Thursday, June 04, 2009

Obama's speech


I had a chance to hear Obama's speech live this morning, but I really hadn't collected my thoughts. I still haven't, entirely, but I do have some reactions to share.

Unlike others, who chose to attack Obama's speech even before he gave it, I thought it made sense to wait to see what he was going to say, and how the speech was received.

1. He's right about both Afghanistan and Iraq. Obama points out that we had no choice but to invade Afghanistan after we were attacked without provocation or warning, and that we could, and should, have stayed out of Iraq. Events in Afghanistan have not proceeded to any plan I would have wanted, but the errors have mainly been the result of Bush's abandonment of the Afghanistan effort to invade Iraq.

2. Israel and Palestine.

Here are some key lines:

To play a role in fulfilling Palestinian aspirations, and to unify the Palestinian people, Hamas must put an end to violence, recognize past agreements, and recognize Israel's right to exist.

At the same time, Israelis must acknowledge that just as Israel's right to exist cannot be denied, neither can Palestine's. The United States does not accept the legitimacy of continued Israeli settlements.

He probably spoke more strongly in favor of Palestinian rights than any American president ever has. He showed that he recognizes and deplores the suffering of the Palestinian people, and he spoke directly against the Israeli policy of settlements in the occupied territories. The Israelis don't like what he said or how he said it, but we can't go on saying we disapprove of the settlements without doing anything to change Israeli policies.
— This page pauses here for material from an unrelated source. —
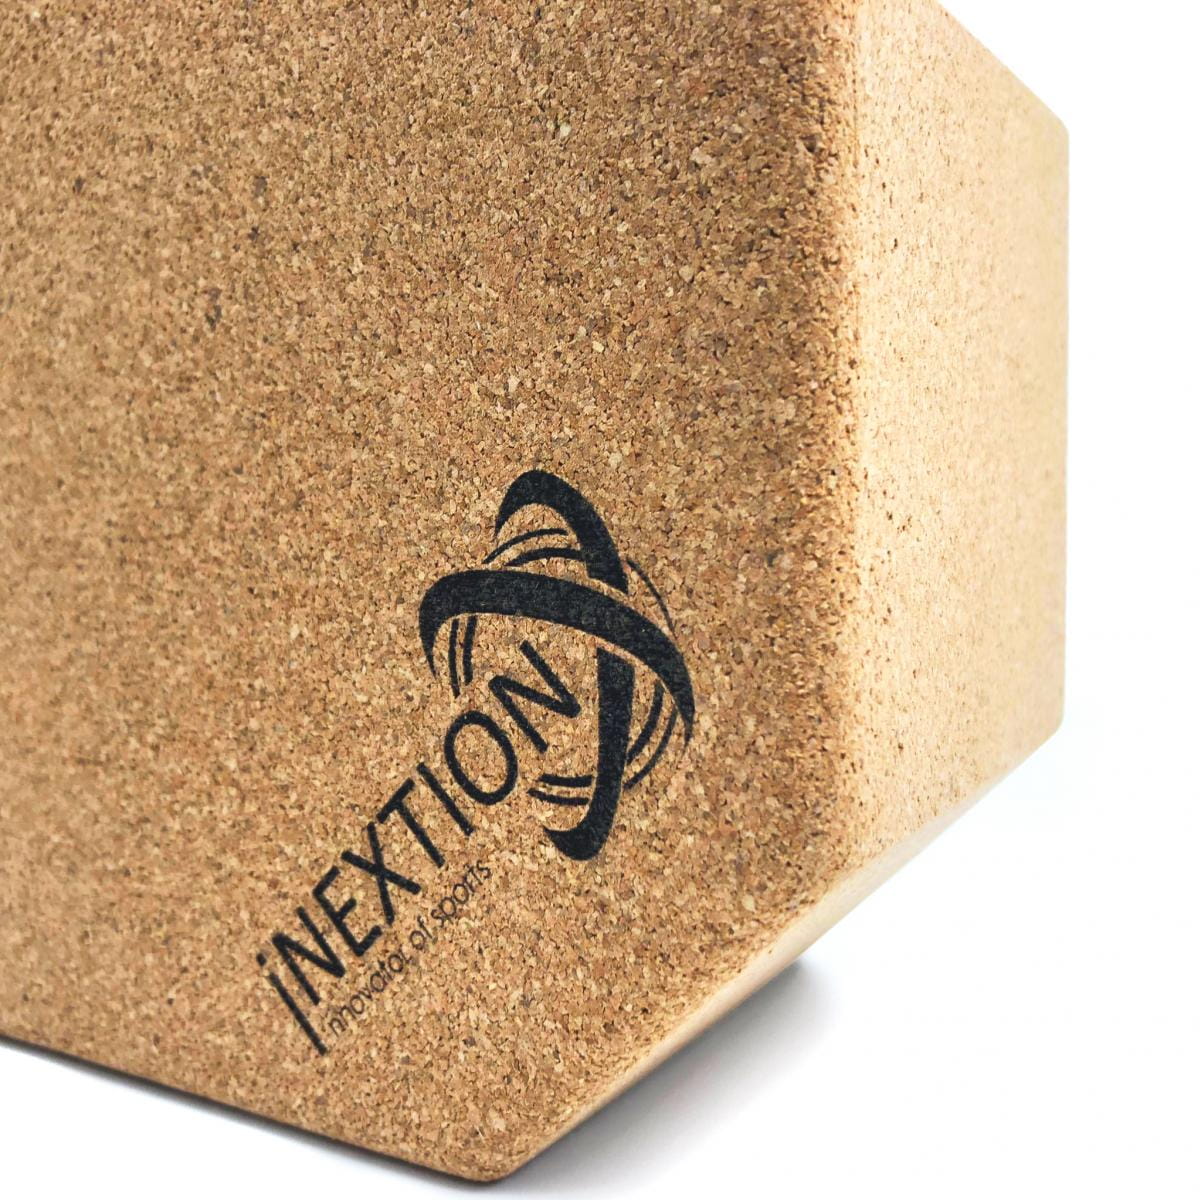 【INEXTION】Cork Yoga Block 羽量級八角軟木瑜珈磚 60D 8

At the same time he challenged antisemitism and Holocaust denial directly. It won't convince Ahmadinejad, but he may be the one Western leader that Arabs and Palestinians in the Middle East will listen to, and they need to hear this.

3. Women's rights. I thought he was too soft on this. You can't understand "a woman who chooses to cover her hair" outside of the context of a religion that, where it has the power, sends men out in the streets with sticks to beat women who are not covering their hair, face, or entire body, and will allow girls to burn to death in a fire rather than be rescued by male firefighters. I think he was concentrating too much on making nice with the intolerant, and that is not a winning strategy.

4. It worked. That was the way it sounded to me, listening to the audience. They were very receptive and positive. News reports bear that out.

CAIRO — Muslim shopkeepers, students and even radical groups such as Hamas praised
President Barack Obama's address Thursday as a positive shift in U.S. attitude and tone. But Arabs and Muslims of all political stripes said they want him to turn his words into action — particularly in standing up to Israel.

Obama impressed Muslims with his humility and respect and they were thrilled by his citing of Quranic verses. Aiming to repair ties with the Muslim world that had been strained under his predecessor George W. Bush, he opened with the traditional Arabic greeting "Assalamu Aleikum," which drew enthusiastic applause from his audience at Cairo University.

He opened with Assalamu Aleikum, and instead of the anoyingly ubiquitous "God bless you and god bless the United States", he closed with "peace be upon you." Contrast that with Bush talking about engaging in a Crusade. Talking in the language your audience will relate to helps.

This is only the first step in a very long journey. I don't kid myself that this solves everything, or even changes everything, but people will listen to him who would never listen to Bush or any American. This is something that McCain never could have carried off.